Earlier this week, Sophos released the latest edition of its Security Threat Report, summing up the biggest threats seen during 2012, along with five trends that are likely to factor into IT security in the coming year.
Online Security in 2012
One of the biggest highlights from 2012 was the increasing mobility of data in corporate environments. Users are fully embracing the power to access data from anywhere at any time. The rapid adoption of bring your own devices (BYOD) and cloud computing are really accelerating this trend, and providing new vectors of attack. Employees are looking to use their smart phone, tablet, or next generation notebook to connect to corporate networks. That means IT departments are being asked to secure sensitive data on devices they have very little control over. A trend associated with this is the focused targeting of mobile devices, with a rapid increase in the amount of malware being developed and aimed at android enabled devices.

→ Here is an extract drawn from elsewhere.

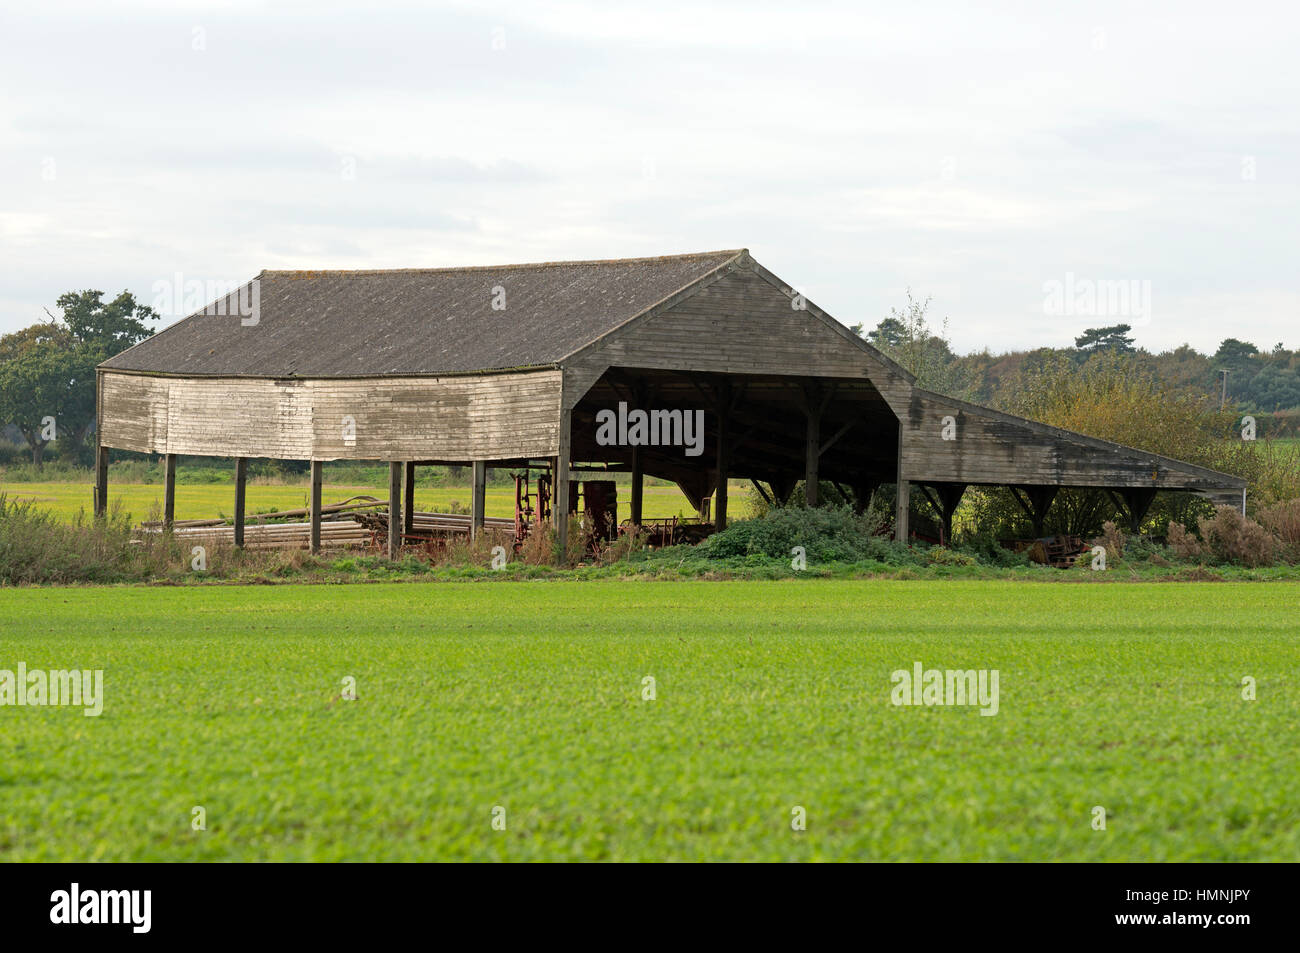 Traditional wooden Dutch barn with corrugated asbestos roof, Ramsholt, Suffolk, UK. Stock Photo

Social media continued to sustain the interest of cybercriminals in 2012 as many more users and threats flooded social media sites such as Facebook, Twitter and Pinterest. Attacker’s approaches became more acute and sophisticated on Facebook while they began to move beyond and focus on maturing platforms such as Twitter and fast growing platforms like Pinterest.
Sophos has tipped the following five trends as factoring into the IT security landscape in 2013.
Basic Web Server Mistakes
SQL injection attacks increased in 2012, with large volumes of user names and passwords getting hacked out of web servers and databases. (Structured Query Language is a special-purpose programming language designed for managing data in relational database management systems. Targets have been both big and small enterprises, motivated by both political and financial ends. Some of the big ones:
- In May, the website for Wurm Online, a massively multiplayer online game, was shuttered due to an SQL injection while the site was being updated.

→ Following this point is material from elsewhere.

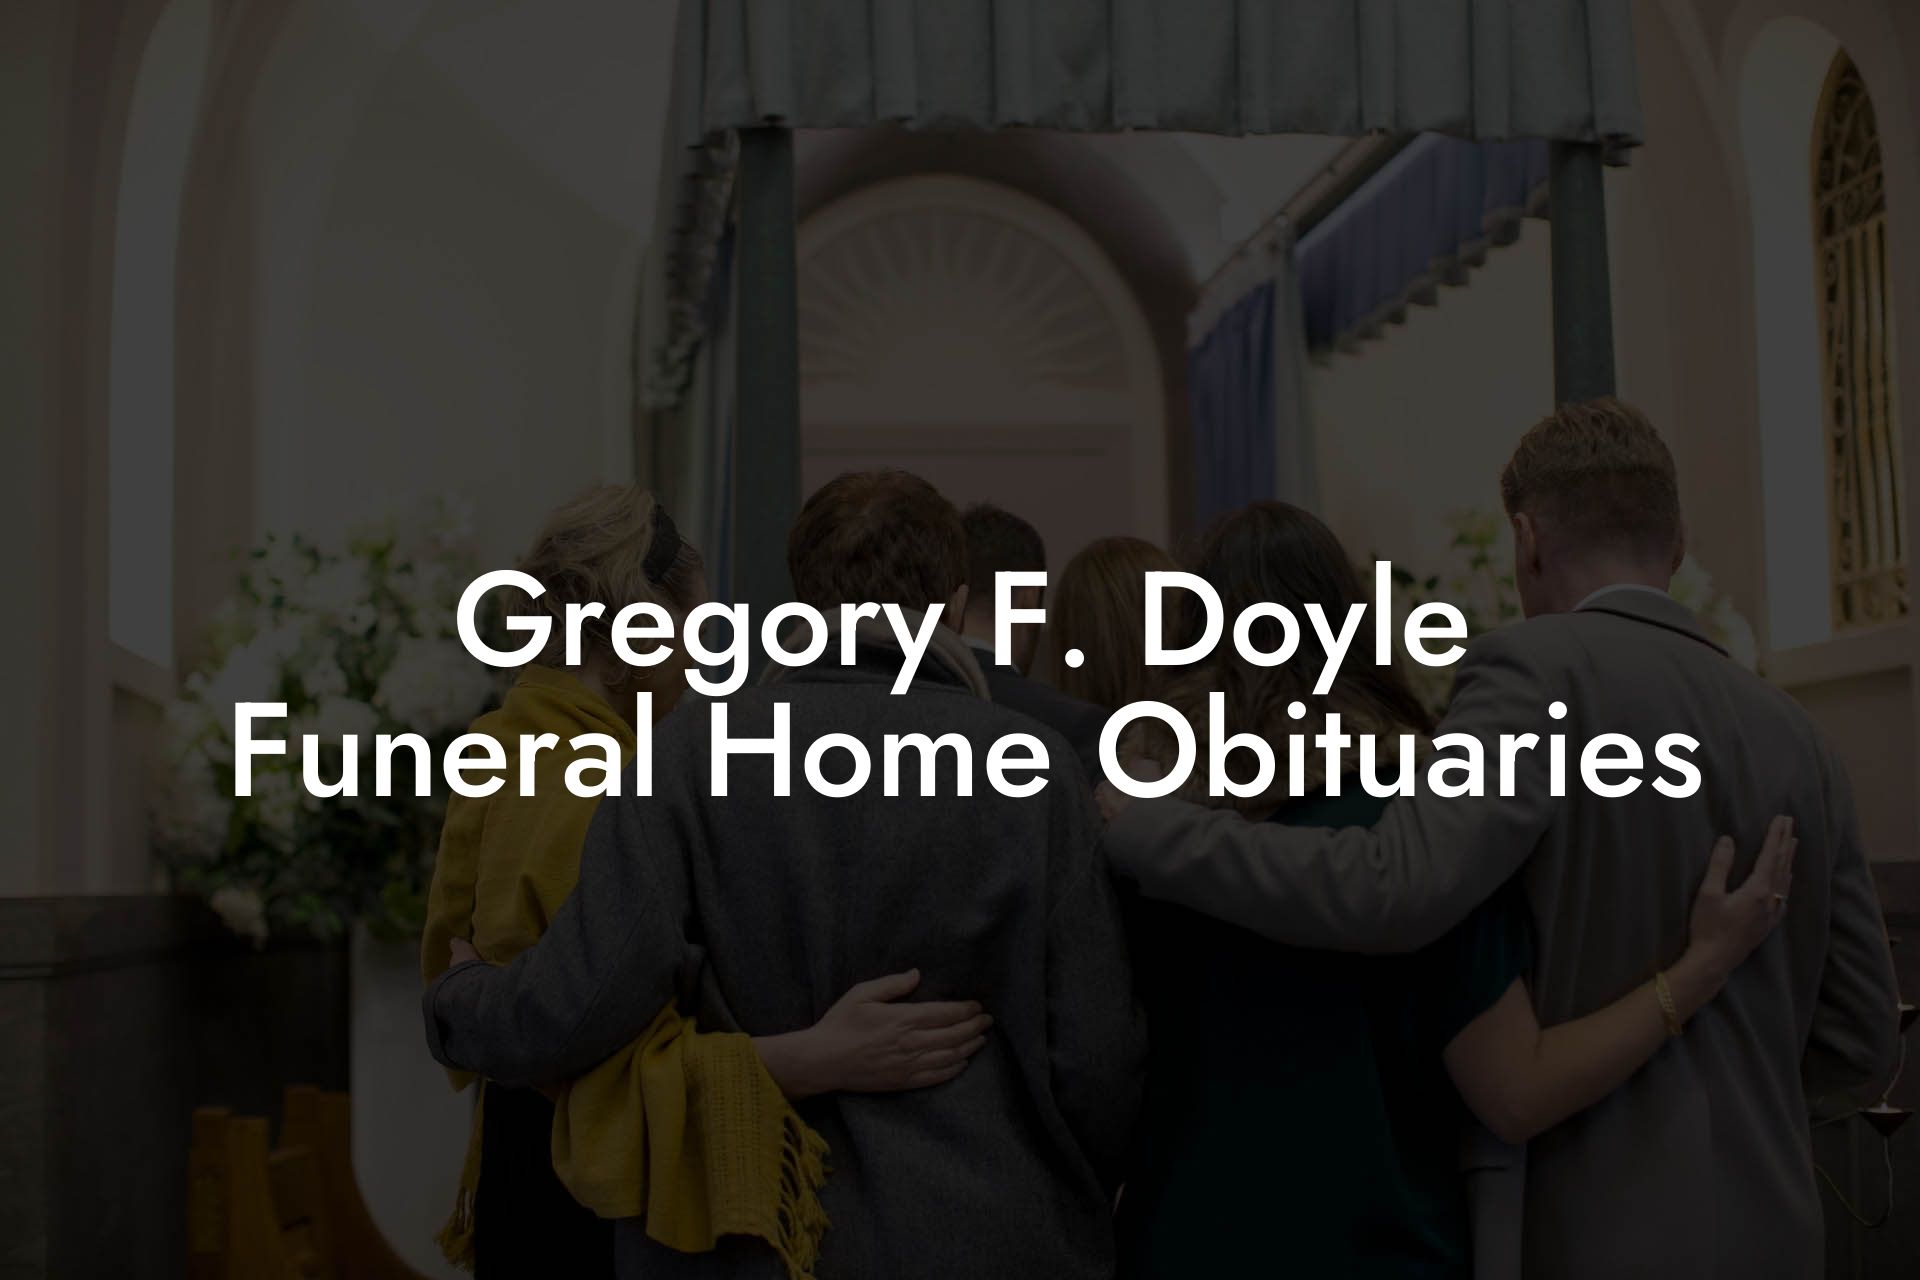 Gregory F. Doyle Funeral Home Obituaries

- In July, criminals stole 450,000 log-ins, stored in plain text by Yahoo Voices, using a "union-based SQL injection technique".
More Irreversible Malware
In 2012 there was a surge in popularity and quality of ransomware malware, which encrypts your data and holds it for ransom. The availability of public key cryptography and clever command and control mechanisms has made it exceptionally hard, if not impossible to reverse the damage. Over the coming year it is expected that more attacks which, for IT professionals, will place a greater focus on behavioural protection mechanisms as well as system hardening and backup/restore procedures. The most recent high profile example was in November, when Hacked Go Daddy sites were infecting users.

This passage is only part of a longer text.